Your goal — Starting from the line with "Furch Blue GC", please copy exactly every line to the end of the listing, but not the pictures.

Dataset excerpt —
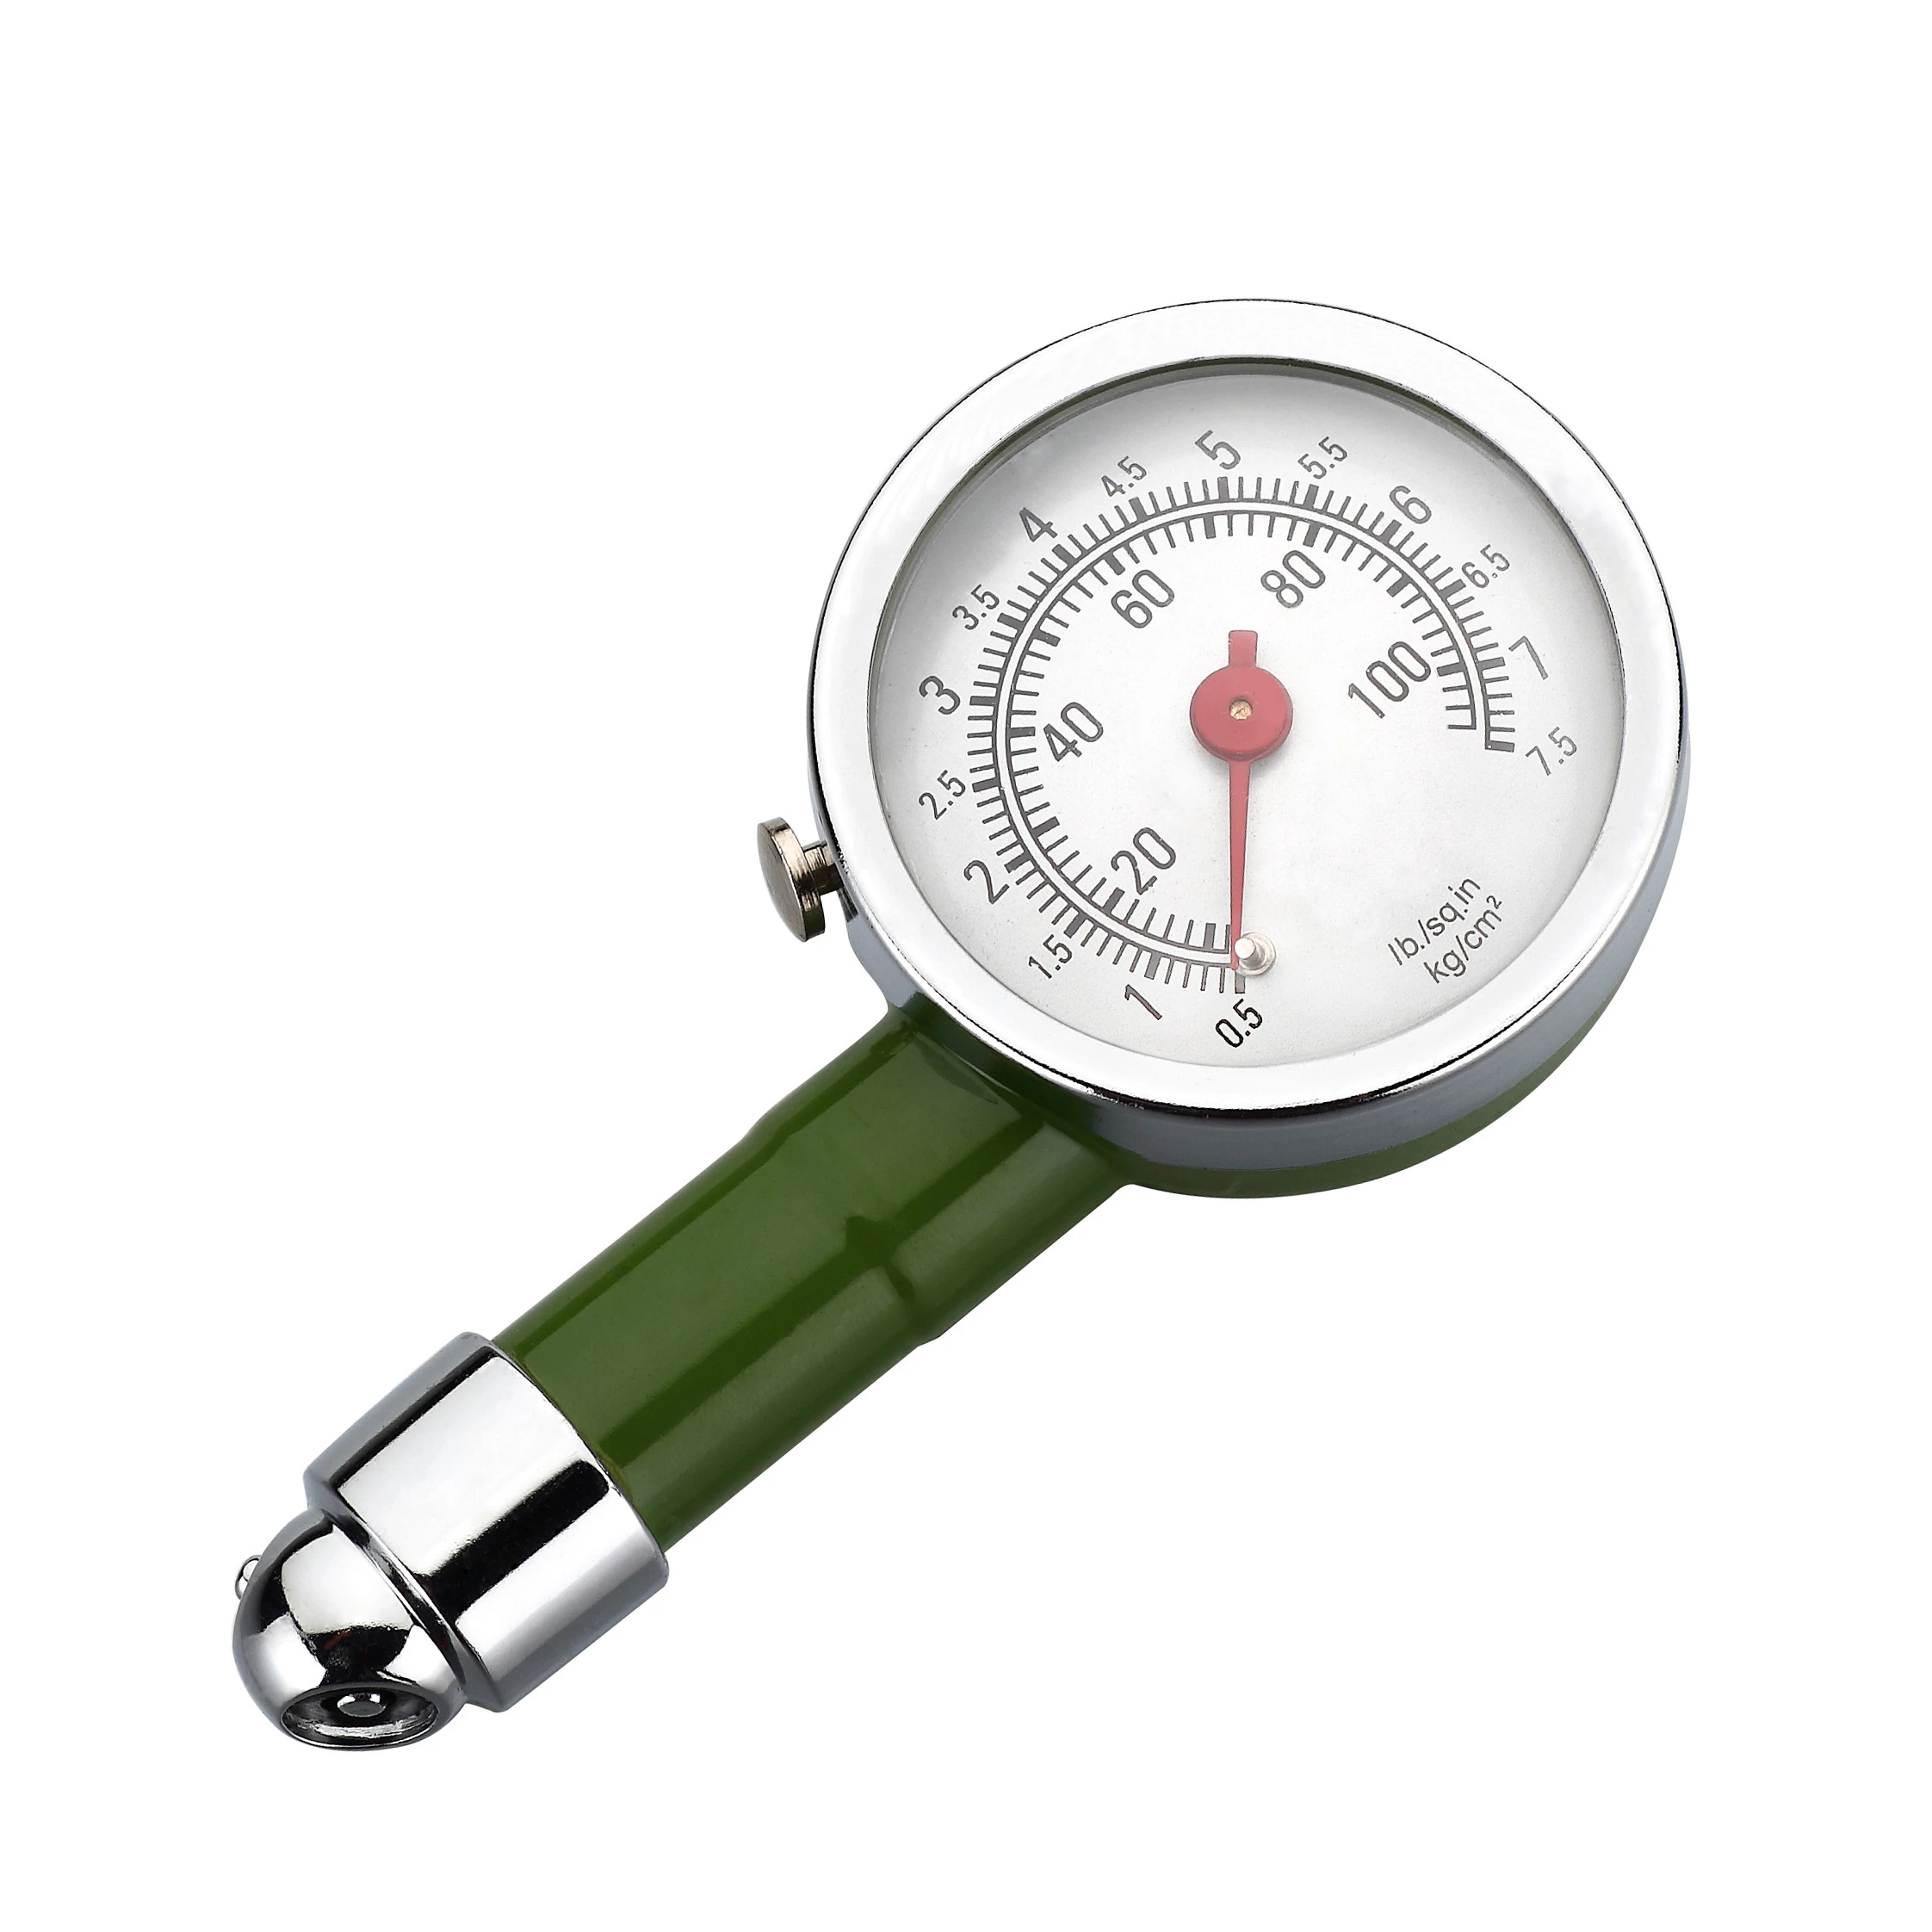 CACACO Bright Chrome and Painted Round Dial Plastic Tire Pressure Gauge For Cars, Bicycles, Trucks, Motorcycles
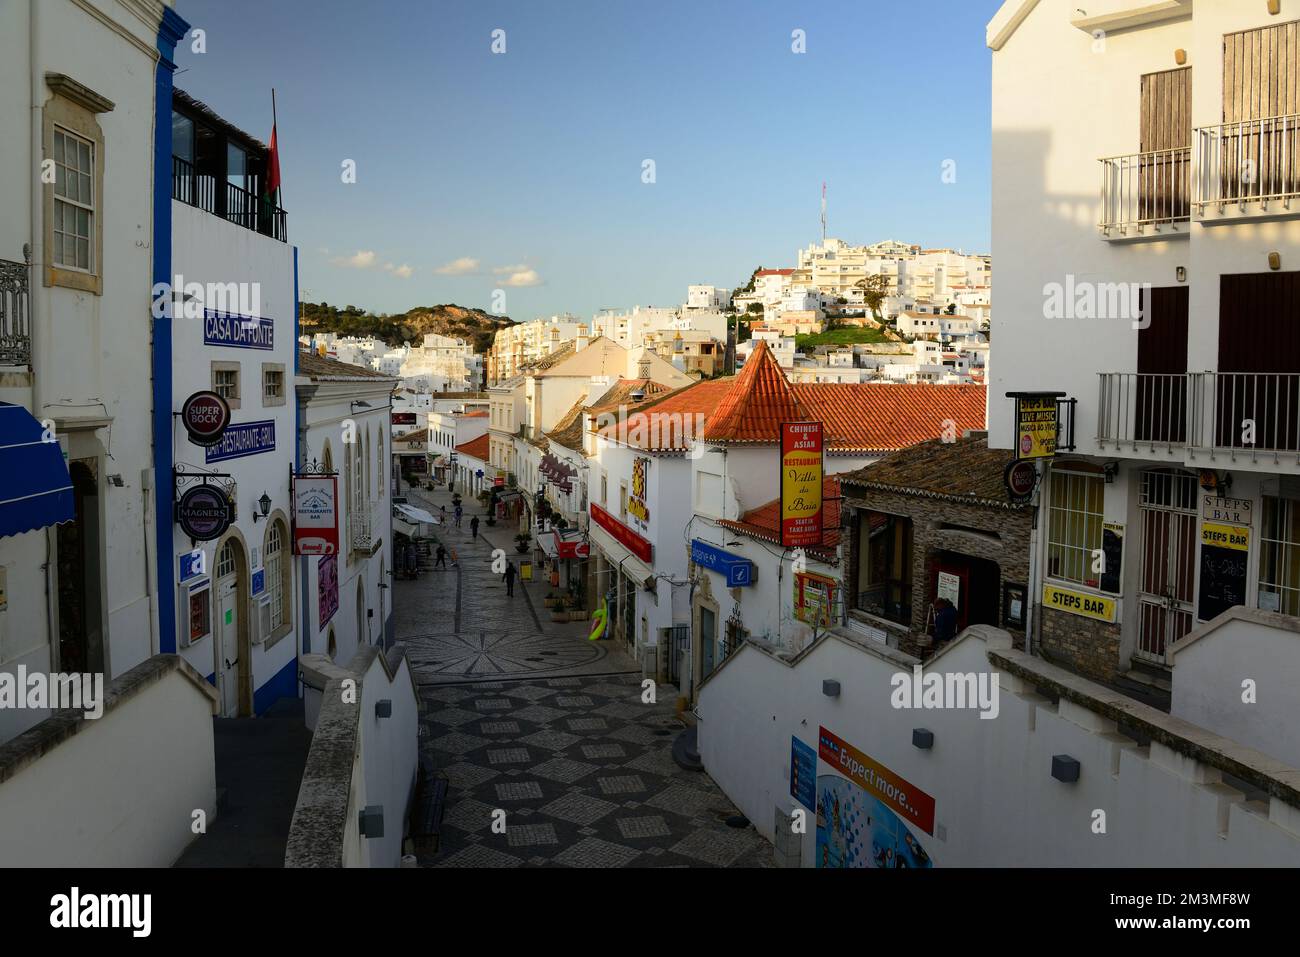 An exterior view of a precinct in the resort of Albufeira, Portugal, with residential buildings Stock Photo
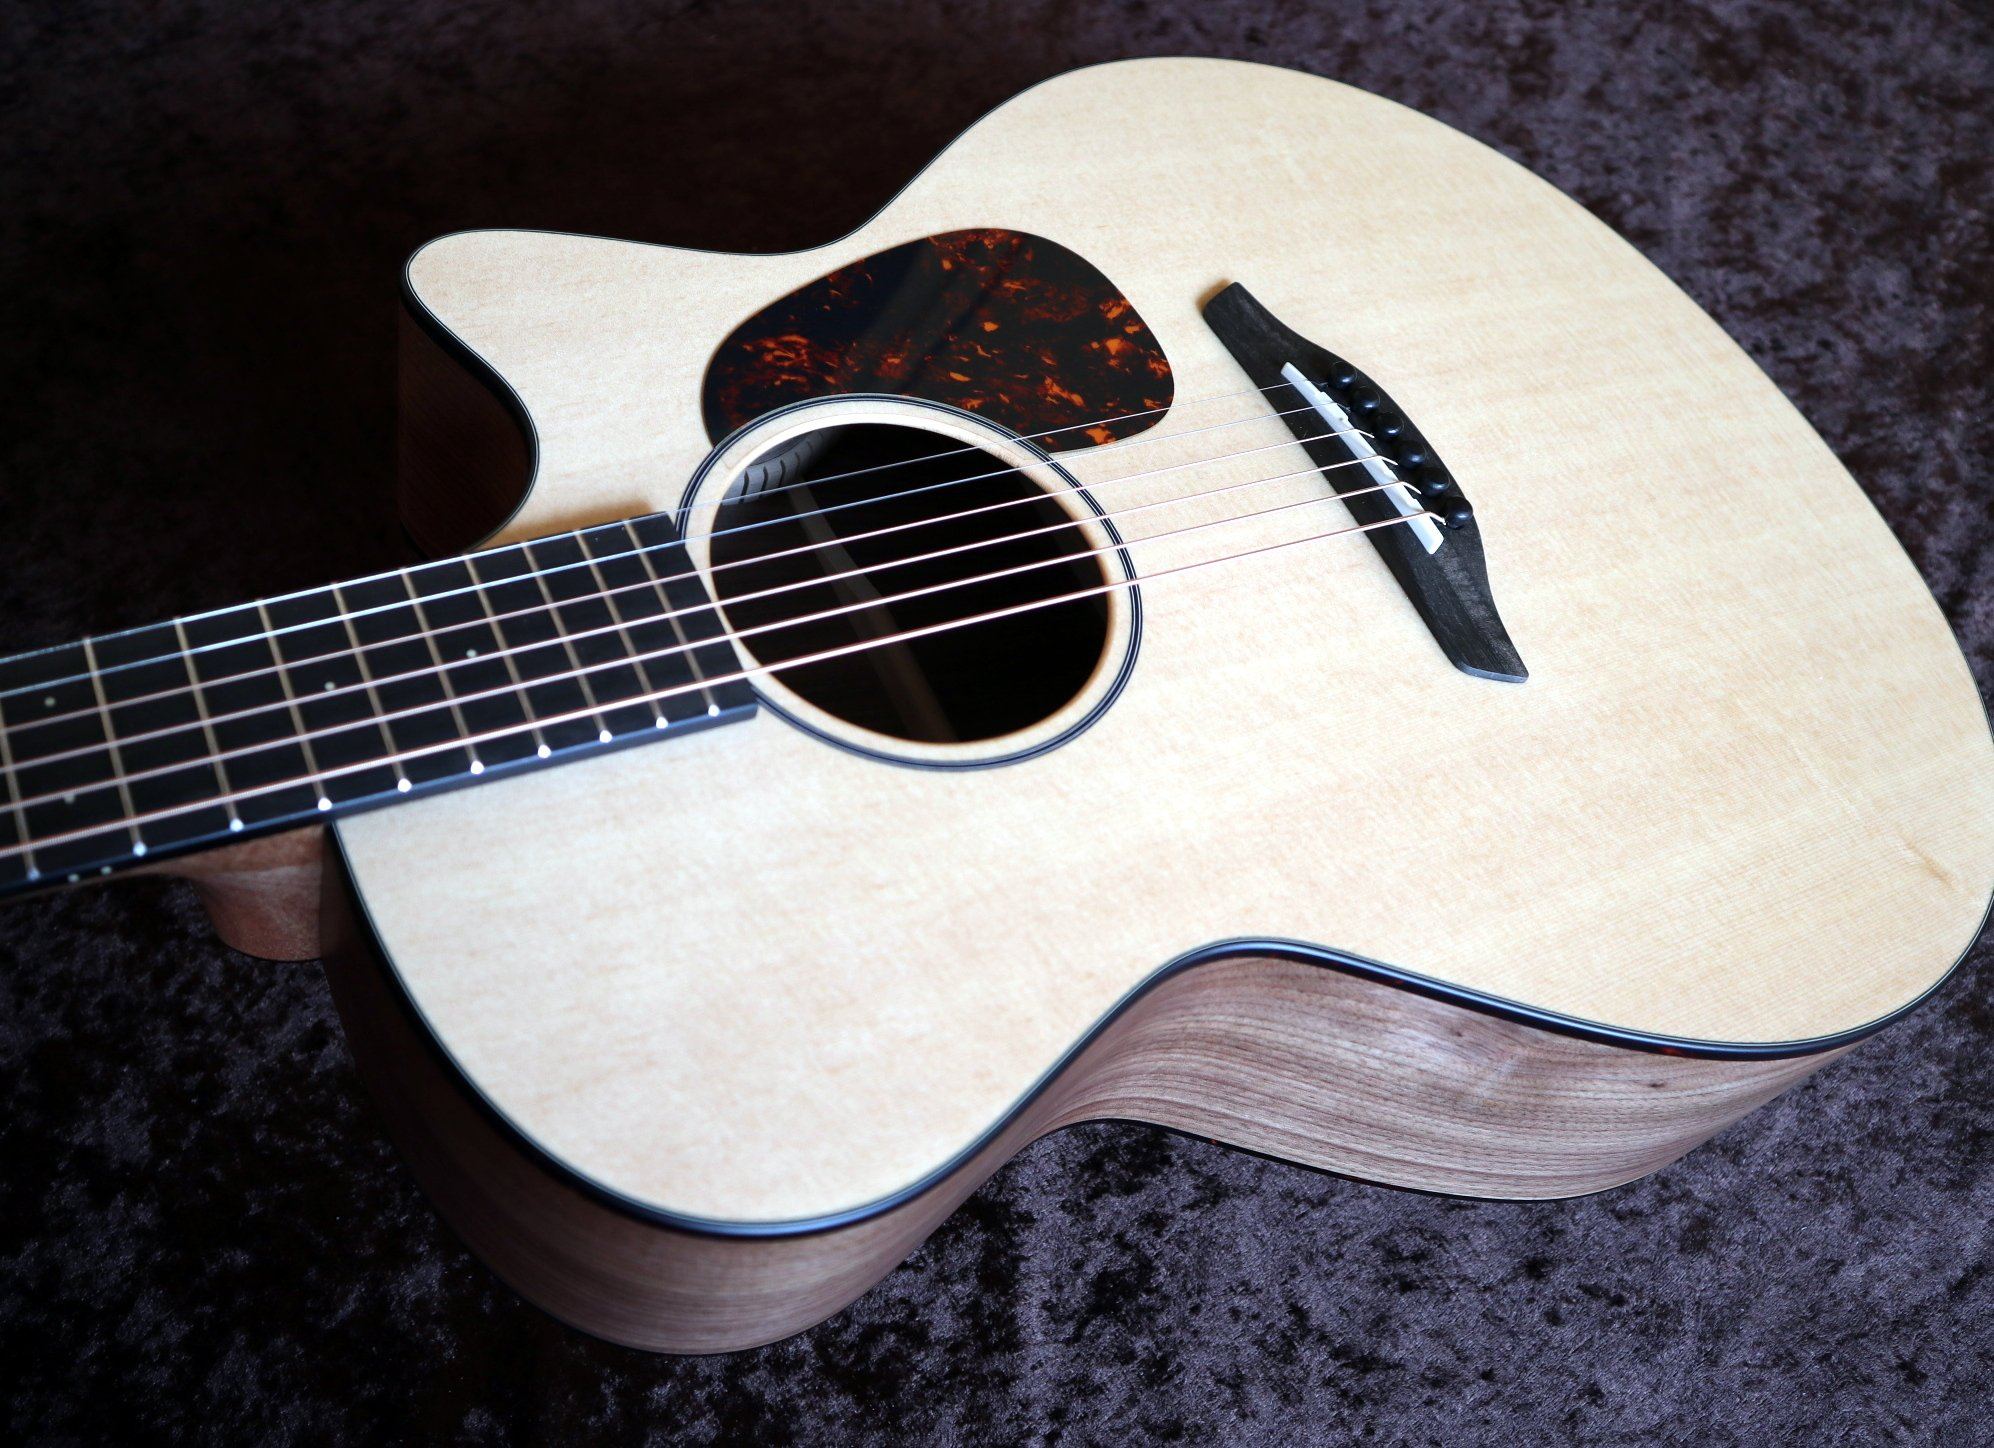 Furch Blue GC SW (Spruce / Walnut / Cutaway) Acoustic Guitar, Acoustic Guitar for sale at Richards Guitars.
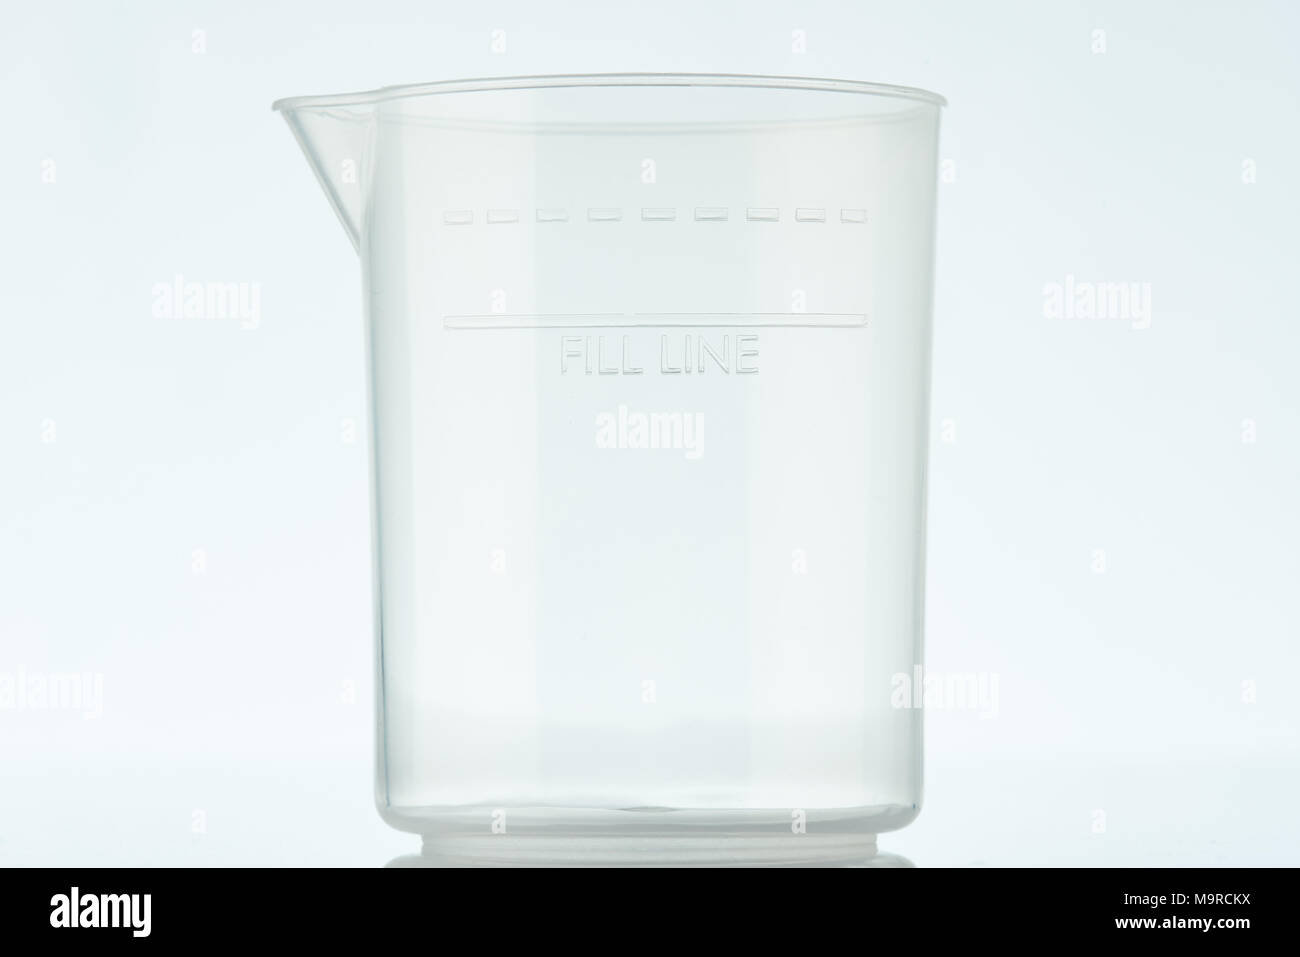 https://c8.alamy.com/comp/M9RCKX/one-clean-empty-cup-for-measuring-with-fill-line-isolated-on-white-background-M9RCKX.jpg

Answer —
 Furch Blue GC SW (Spruce / Walnut / Cutaway) Acoustic Guitar, Acoustic Guitar for sale at Richards Guitars.
 https://c8.alamy.com/comp/M9RCKX/one-clean-empty-cup-for-measuring-with-fill-line-isolated-on-white-background-M9RCKX.jpg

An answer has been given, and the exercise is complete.